In order to make a fair comparison if a communication includes an appropriate index, the communication must indicate the performance is not that of a particular real estate program, and describe the index's components and any relevant differences with the program's portfolio investments.
Pictures of Specific Properties
Communications for a new program often include photographs or other images of properties owned by investments managed by the program's sponsor that are similar to properties the program expects to purchase. In order to be clear that investors will not acquire an interest in the pictured property, prominent text must accompany each depiction explaining that the property is owned by an investment managed by the sponsor and not the program. Once the real estate program has acquired a portfolio, the communication may include depictions of properties that are limited to investments owned by the program.
A communication concerning a real estate program that holds real estate mortgages may include photographs or other images of properties in which the program has a security interest as long as the communication discloses that the program does not own the property and that the property is collateral for a loan owned by the program.
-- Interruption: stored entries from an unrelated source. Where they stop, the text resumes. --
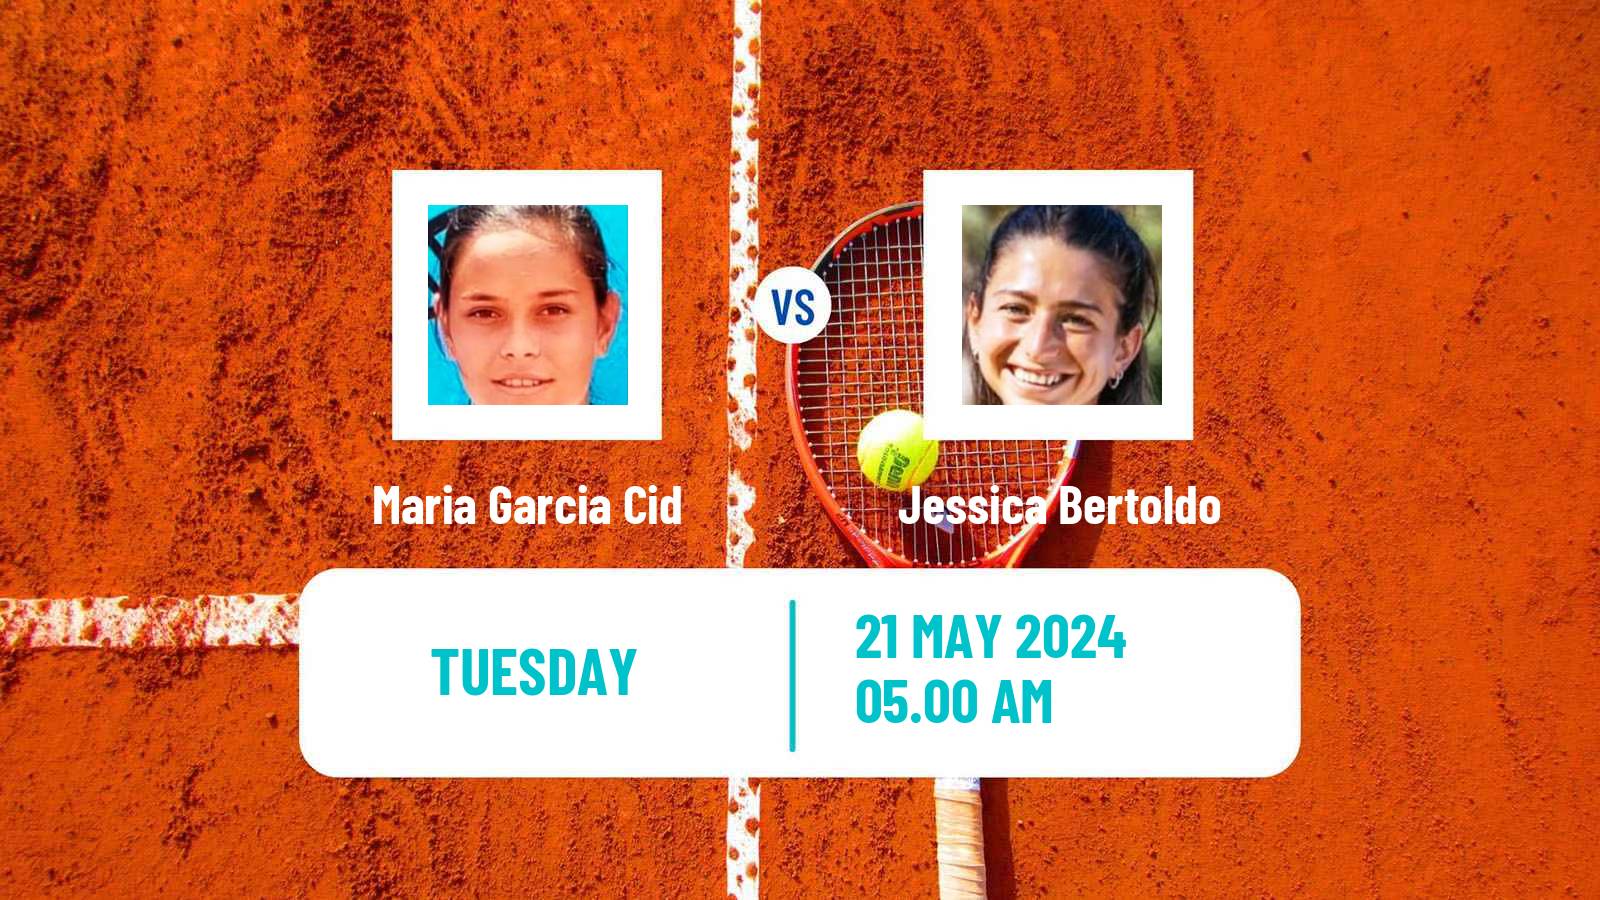 Tennis ITF W15 Bucharest 2 Women Maria Garcia Cid - Jessica Bertoldo
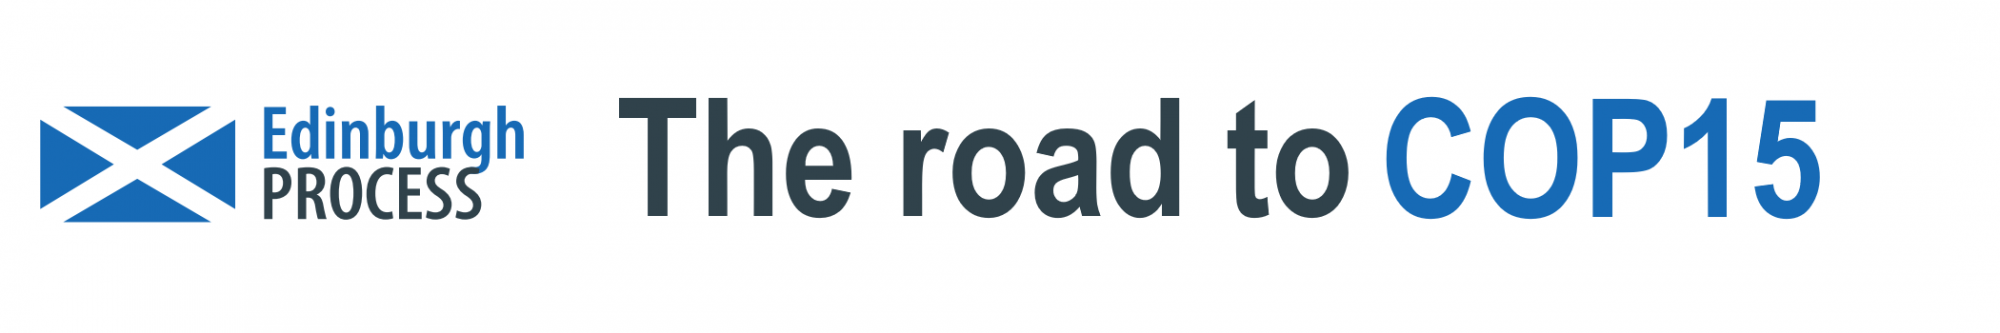 Edinburgh process logo and road to COP15 title
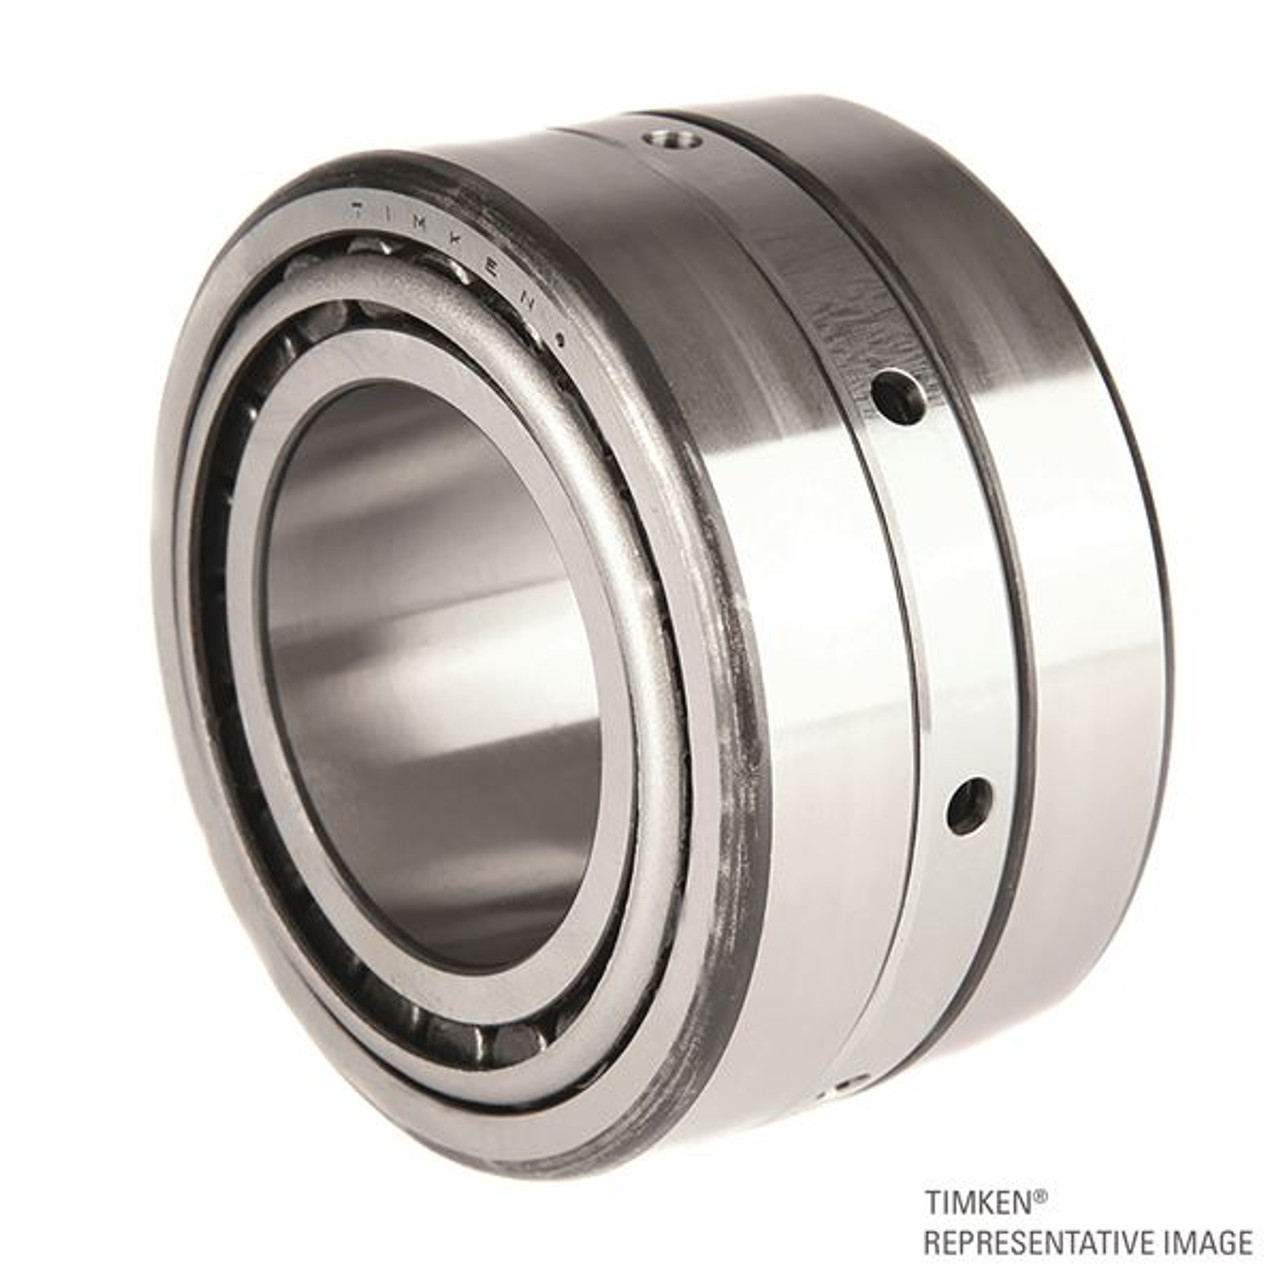 Timken® TDI Single Double Cone Assembly  HM926749-90069

A communication may include a capitalization rate for an individual property within a real estate program if the rate is based on current information contained in the prospectus, and the communication explains how the rate was calculated, that the rate applies to the individual property, and that it does not reflect a return or distribution from the REIT or DPP itself. As a general matter, however, it is misleading for a communication to include a rate that reflects a blending of multiple individual properties' capitalization rates. Individual properties within a program's portfolio typically will have different acquisition dates and their respective capitalization rates, which are generally based on the acquisition price of the property, may not reflect their current values. In addition, the individual properties' capitalization rates may reflect different calculation methodologies.
1.See FINRA Rule 2310(a)(4) for a complete definition of "direct participation program."
2. Real estate programs may be registered under the Securities Act of 1933 or may be offered pursuant to an exemption from such registration. The guidance in this Notice applies to communications regarding registered and non-registered real estate programs.
3. On December 19, 2011, the SEC's Division of Corporation Finance issued CF Disclosure Guidance: Topic No. 3, which discusses the SEC staff's views on a number of issues regarding materials submitted to the SEC staff pursuant to Securities Act Industry Guide 5 (SEC Guidance). Guide 5 applies to real estate limited partnerships and unlisted REITs. The guidance in this Notice is intended to be consistent with the SEC Guidance.
4.See FINRA Rule 2210(d)(1)(D).
5. Information may be placed in a legend or footnote only in the event that such placement would not inhibit an investor's understanding of the communication. FINRA Rule 2210(d)(1)(C).
6. Under FINRA Rule 2310(b)(3)(D), before executing a purchase transaction in a public offering of DPP or unlisted REIT securities, a firm or associated person must inform the prospective participant of all pertinent facts relating to the liquidity and marketability of the DPP or REIT securities during the term of the investment. Included in the pertinent facts must be information regarding whether the sponsor has offered prior DPPs or unlisted REITs for which offering materials disclosed a date or time period at which the DPP or REIT might be liquidated, and whether liquidation occurred around that date or during the time period. This requirement does not apply to securities offerings of certain DPPs that are either listed or reasonably expected to be listed on a national securities exchange.